The Allure of Hendrickson Season

Updated: Feb 8

Doug Lyons 1/21/22

So, what is it about the Hendrickson’s that is so near and dear us? Certainly, as the first major hatch of the spring there is the excitement of getting out on the water. The chance to catch a large trout on a dry fly most certainly brings many of us to the river. The mere act of casting the long rod on a bright and bountiful stream is attraction enough to get us outdoors. Hopefully we find that the weather is delightful, but often the conditions that might be considered frightful.

Photo by Doug Lyons

There is more too it, though, than the act of fishing and meeting the first big hatches of the year that draws anglers out. There is no time during the course of any fishing season when an angler engages so many of his or her senses than during the Hendricskon hatch. How so you ask? Let’s consider how engaging Hendrickson season is to our senses and how that makes the Hendrickson hatch so fulfilling in so many ways.

First and foremost is the visual aspect that comes with meeting the hatch. Rather than tugging a streamer or bouncing a nymph along the bottom of the stream we look intently at the surface waiting first for bugs and then for rises. Finally, we follow the track of the well-placed fly in anticipation of a rise. But there is much more than the fish and the flies that engage this visual sensation. Who among us does not glance along the streamside meadows or look up towards the hillsides and not notice the brilliant colors of spring that rival even the peak colors of a fall day? Colors that change day by day as spring creeps up the mountains, just the opposite of falls creep downhill.

Our auditory spirits are also engaged while we are along the river waiting for the hatch. Certainly, the flow of the river can be heard, and what a delightful sound it is. But it is not just the river that is alive with spring sounds that catch our attention. The symphony of the spring peeper finds its way to a dramatic and almost deafening climax in the many wetlands along the river. These are not the furtive sounds one hears on those gentle March and April evenings. The peepers are in full voice all day and well into the evening. Offering a bass drumbeat are the grouse that will be sounding for mates on a distant hillside. In the fields we hear, as well as see, flocks of robins hunting for worms. In amongst the cattails along the river one will hear the beautiful voice of the red-winged blackbird. And as evening descends upon the valley the baritone call of an owl will be heard on many a night. And just to keep us on our toes and make the hair stand up on the back of our neck, every now and then a pack of coyotes will begin their eerie calling to one another. Yes, Hendrickson season is full of sounds.

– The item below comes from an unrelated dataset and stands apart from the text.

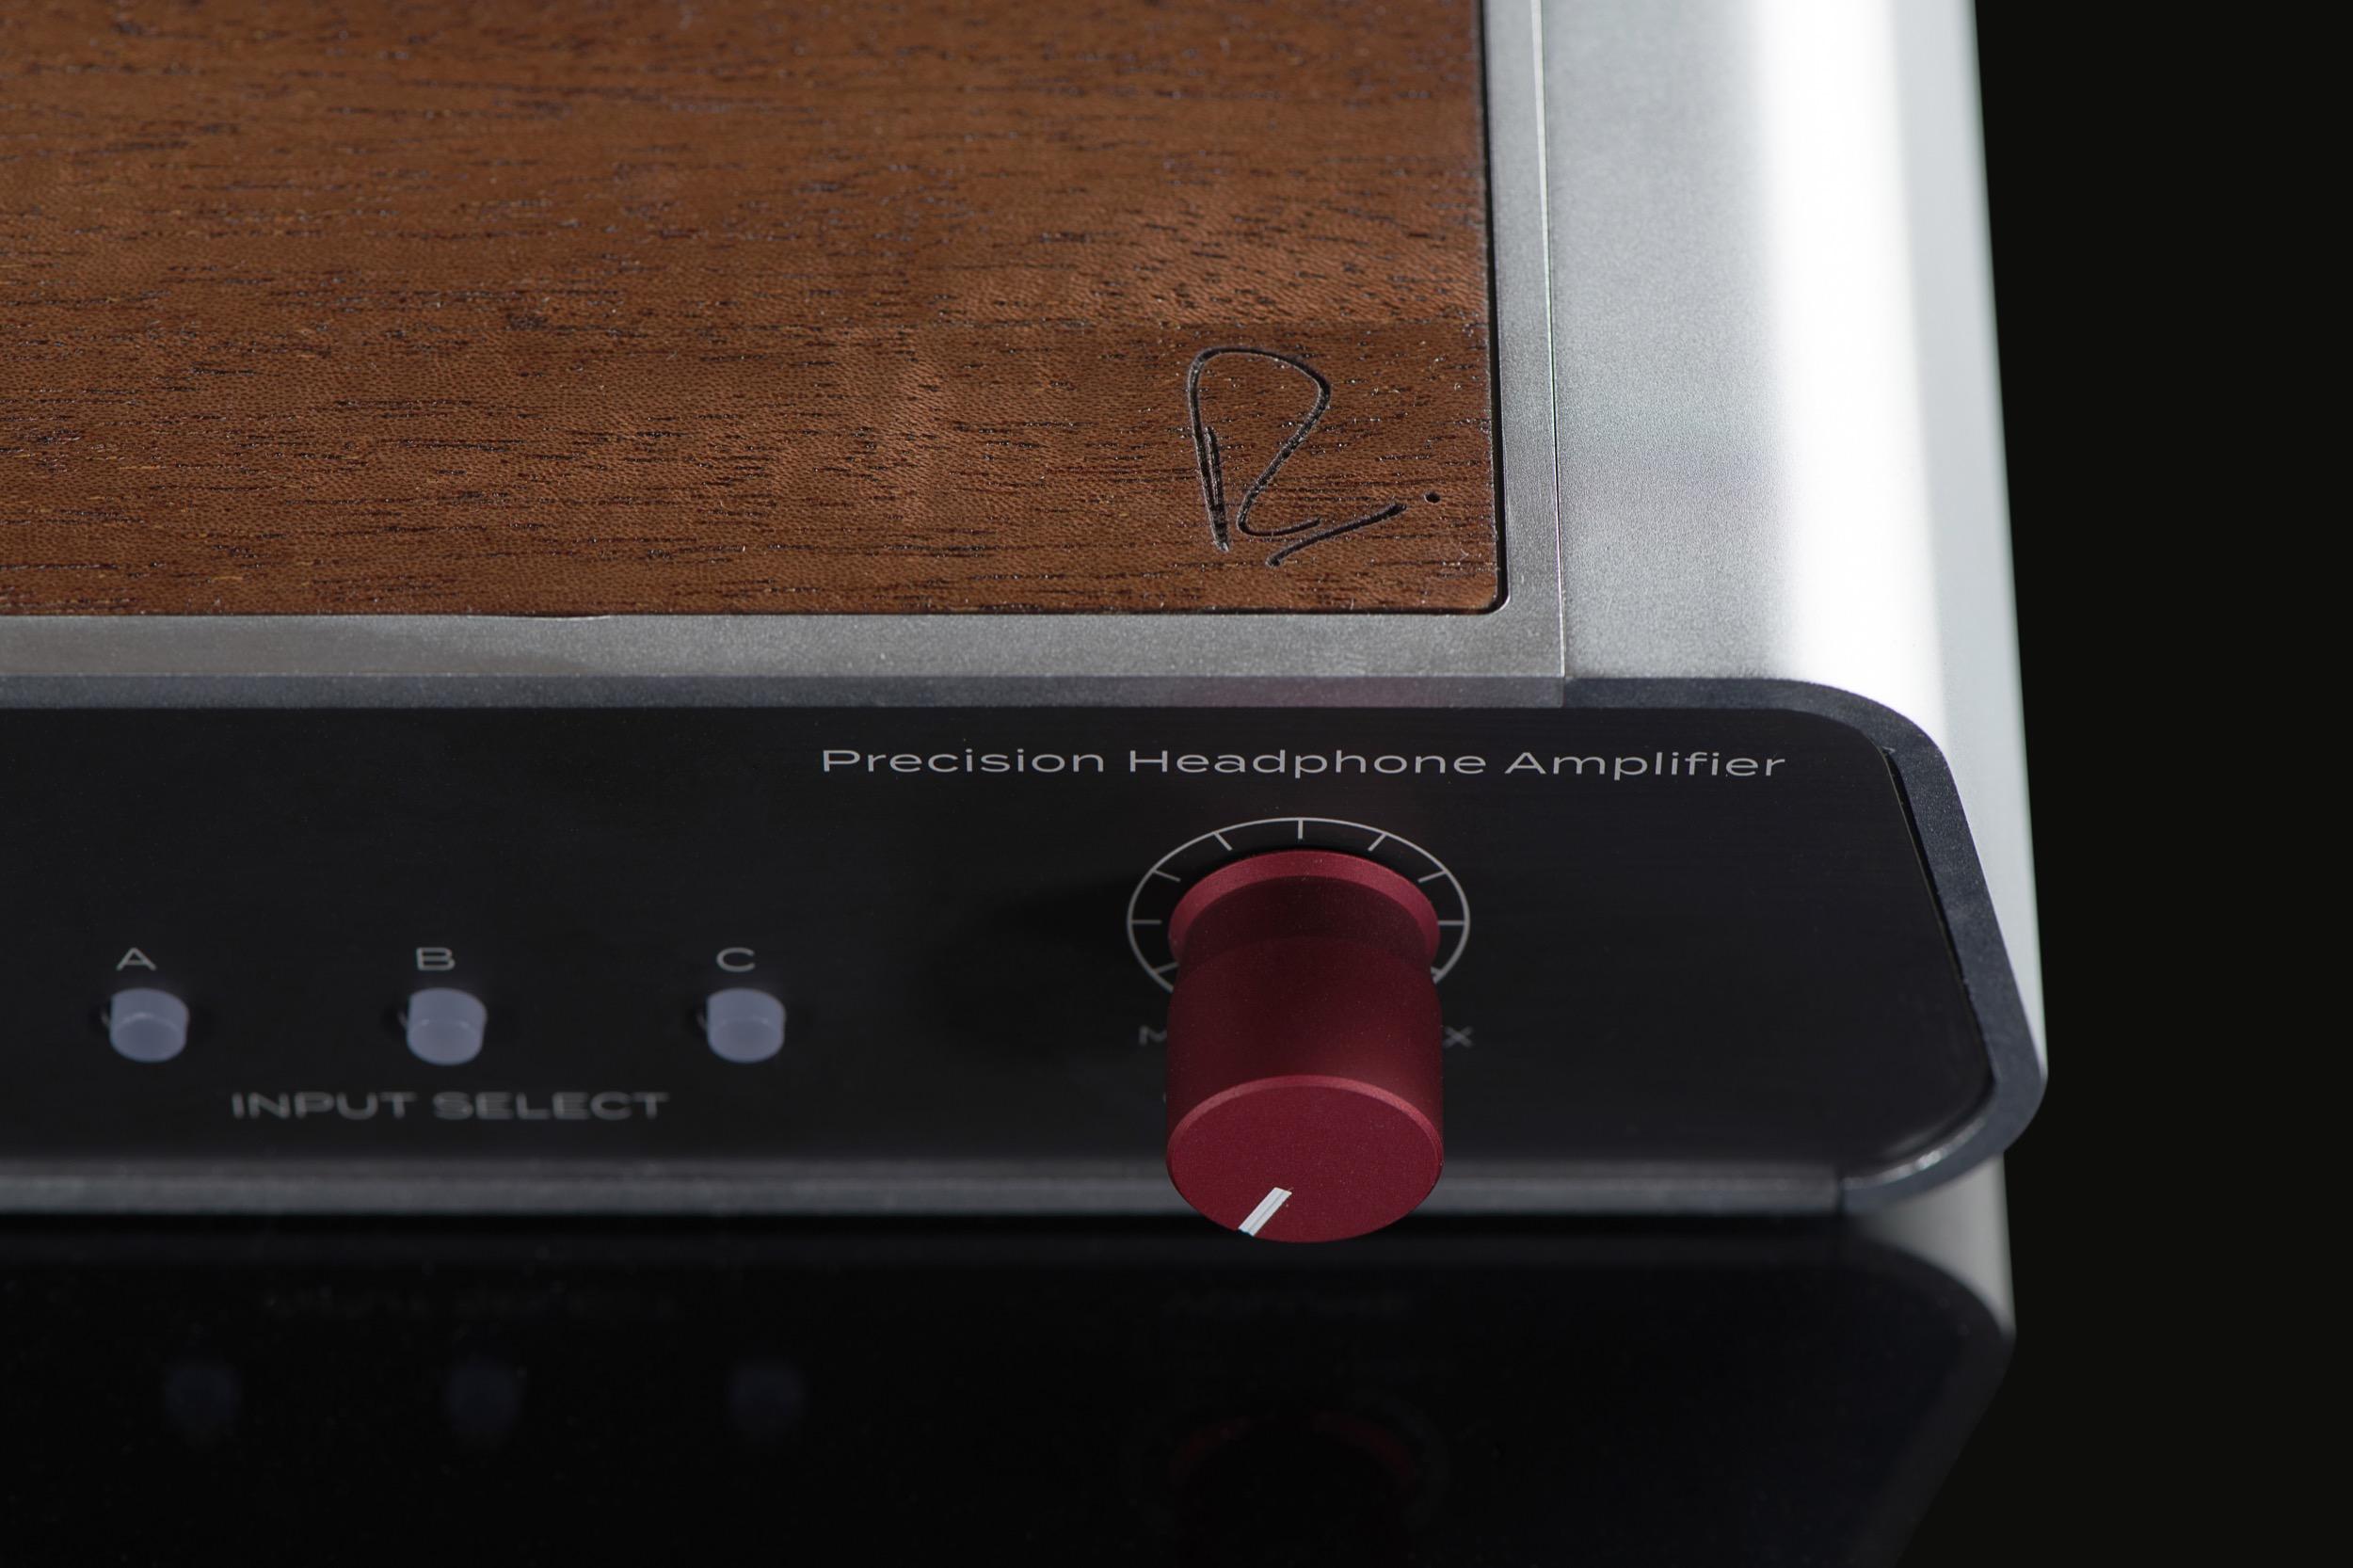 The Fidelice Precision Headphone Amplifier — Fidelice™

Our tactile sensations are also involved at this time of year. Whether it is the feel of the sun on a mild spring day or the chill of a last gasp wind of a winter not quite ready to let go, our skin can feel the tug of war between a season going and a season not yet arrived. And then there is the first dipping of a hand in the water and the icy chill that reminds us, even on a warm day, that warmth is a relative term. And then there is the push of the river against our waders. Despite its reputation as a gentle old river, the Battenkill reminds us to be respectful of its flows, which seem to be in a real rush to get to the Hudson at this time of year.

Photo by Doug Lyons

Our sense of smell is also switched-on during Hendrickson time. It could be the smoke coming from a distant leaf pile being burned. This is a pleasant enough sensation. Then too, there is the bracing odor of a field just fertilized with manure. If nothing else, this is a reminder that while we seek recreation, there are still many folks that rely on the bounty of the land to provide a living. Of course, with spring comes the blossoming of flowers and the pleasant aromas that waft up and down the river basin with the shifting spring zephyrs. And finally, there is that indescribable smell in the air that comes after a gentle shower passes on an otherwise fine May morning. Yes, Hendrickson time has its distinct fragrances.

Finally, an angler’s sense of taste will be in high gear as well. Who among us does not enjoy a fine country breakfast prior to heading off for a day on the river? Or perhaps a local fundraiser featuring a pancake feast is how some of us like to start the day. For many just a simple cup off coffee sipped slowly along the river while going through the various rituals of gearing up is enough. And then, when the day is over, there will be beer consumed along the river while stories are told, fish grow and memories are seared into our consciousness. Back at camp a steak may find its way onto the grill and a stiffer elixir will be enjoyed around a campfire.

And so we look forward to that unique season that is Hendrickson time on the Battenkill.